For the adherence part of the study, Hartman and colleagues included all participants, regardless of factors such as the use of pill boxes or the need for assistance with taking medication. Participants received one or two medication bottles with electronic caps at every clinic visit, for a total of at least eight bottles in a period of 2 years. Each bottle included 90 pills. Instructions were given to participants to open the bottle every day and to take only the pill for that day out of the bottle. Participants were aware that adherence would be monitored through electronic caps and the counting of returned pills.

GLORIA’s follow-up period is ongoing. The current dataset presented by Hartman and colleagues for adherence included 371 participants for the electronic caps and 416 for pill counts. The number of participants for electronic monitoring and pill count data is different due to not all caps being returned at the time of reporting.

According to the researchers, 90% of the patients had “good adherence” based on counting returned pills. Meanwhile, just 20% demonstrated “good adherence” based on electronic monitoring only.

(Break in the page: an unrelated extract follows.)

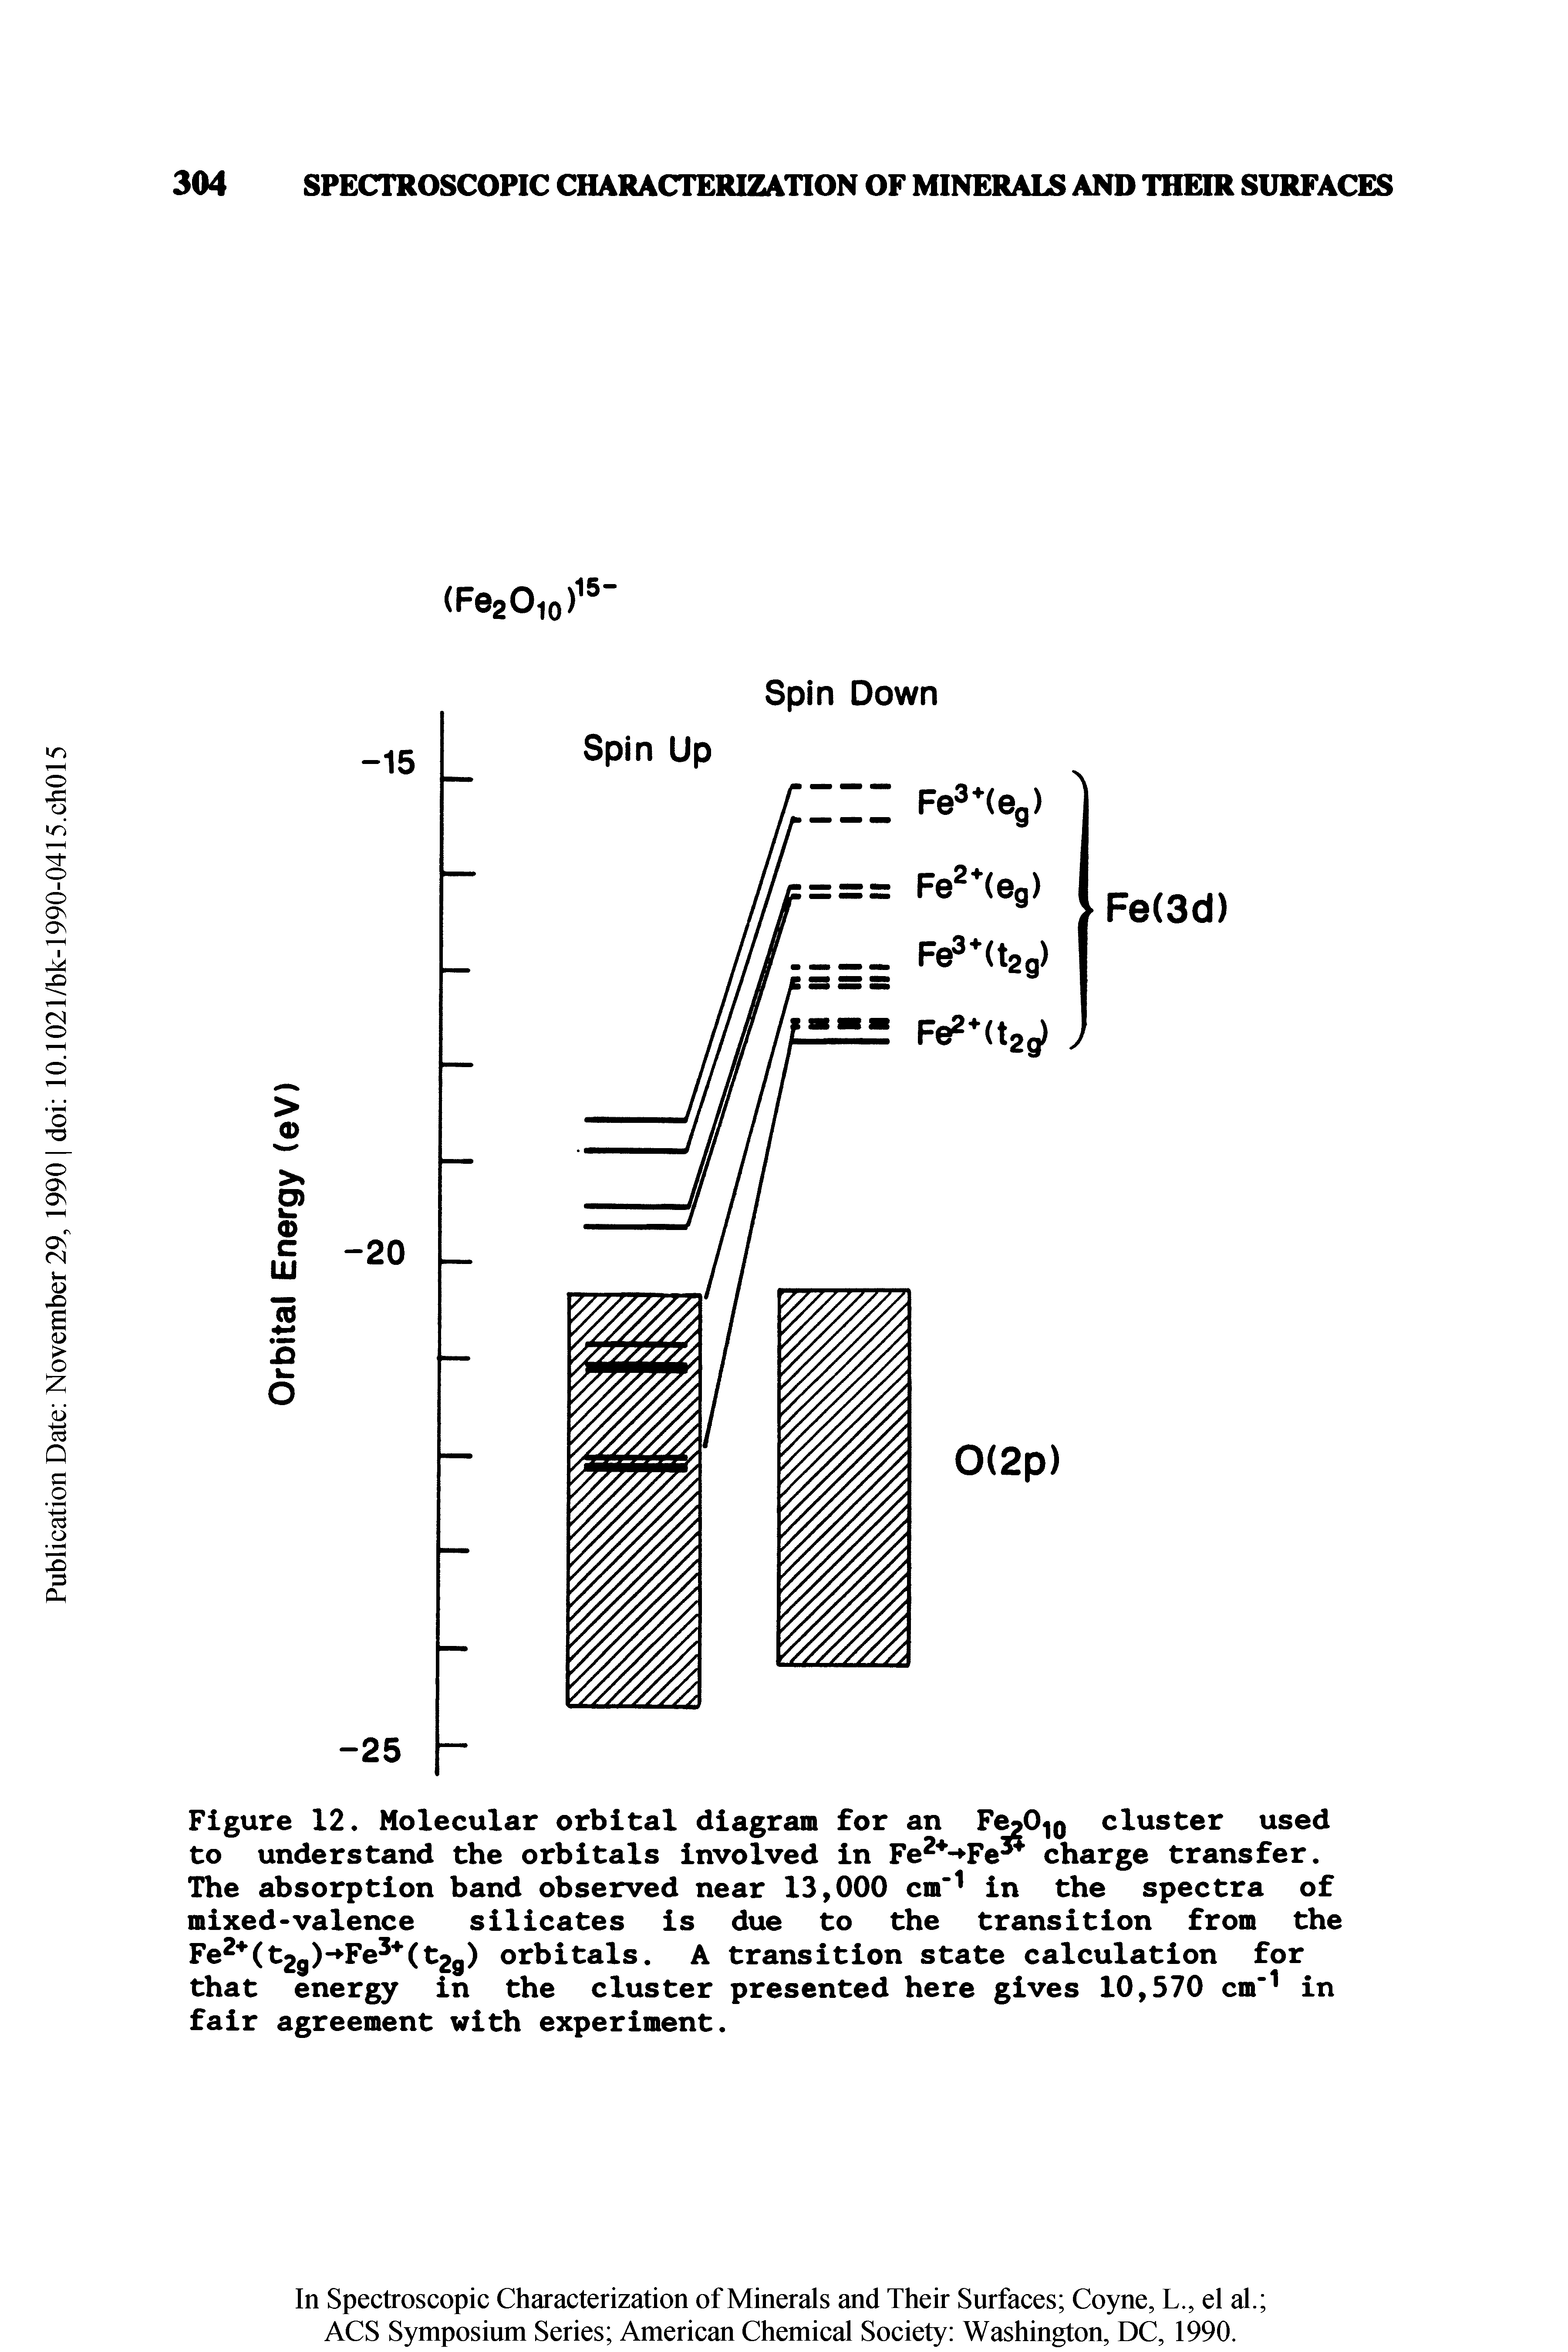 Figure 12. Molecular orbital diagram for an FegOjg cluster used to understand the orbitals involved in Fe Fe3 charge transfer. The absorption band observed near 13,000 cm 1 in the spectra of mixed-valence silicates is due to the transition from the Fe2 (t2g)- Fe3+(t2g) orbitals. A transition state calculation for that energy in the cluster presented here gives 10,570 cm"1 in fair agreement with experiment.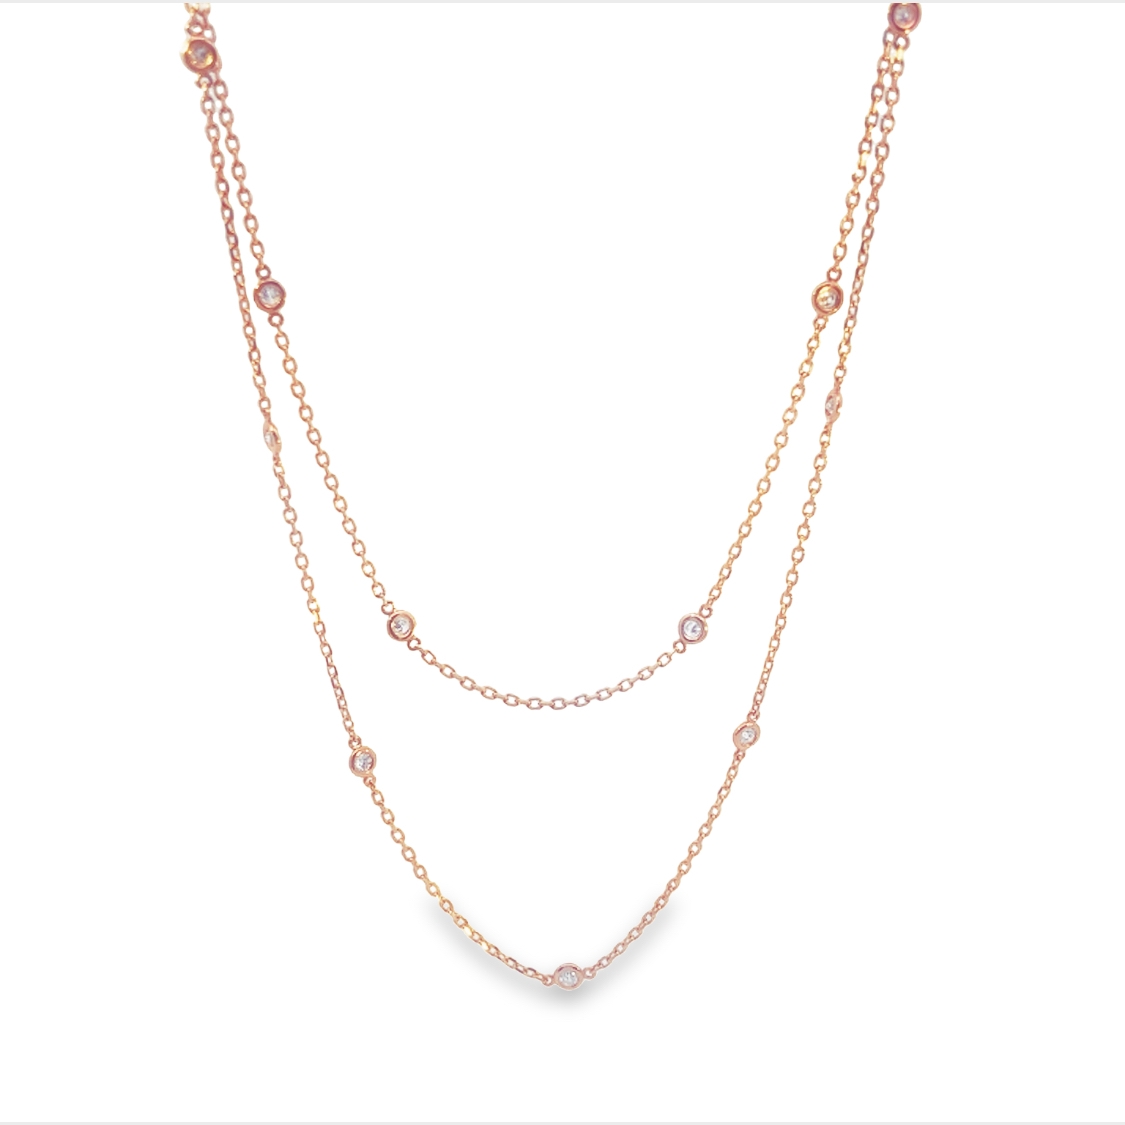 14K Rose Gold Necklace with 16 Round Brilliant Cut Diamonds 0.50 Tcw G-H SI1 Size 24

In addition, electronic cap data classified 30% of participants as non-users — defined as those who opened their bottle on fewer than 20% of days — and 40% as irregular users.

“This study suggests that electronic monitoring as implemented in our trial is less suitable than pill count to measure medication adherence in older people with RA,” Hartman and colleagues wrote. “Most patients did not implement the dosing regimen, ie they did not open (or close) the bottle daily as prescribed, but irregularly or rarely instead. Interviews suggested this was at least in part due to difficulties with opening the bottle or use of other pill boxes that were intermittently filled from the study medication bottle. For such patients, pill count is more suitable, or monitoring of blood levels where feasible.”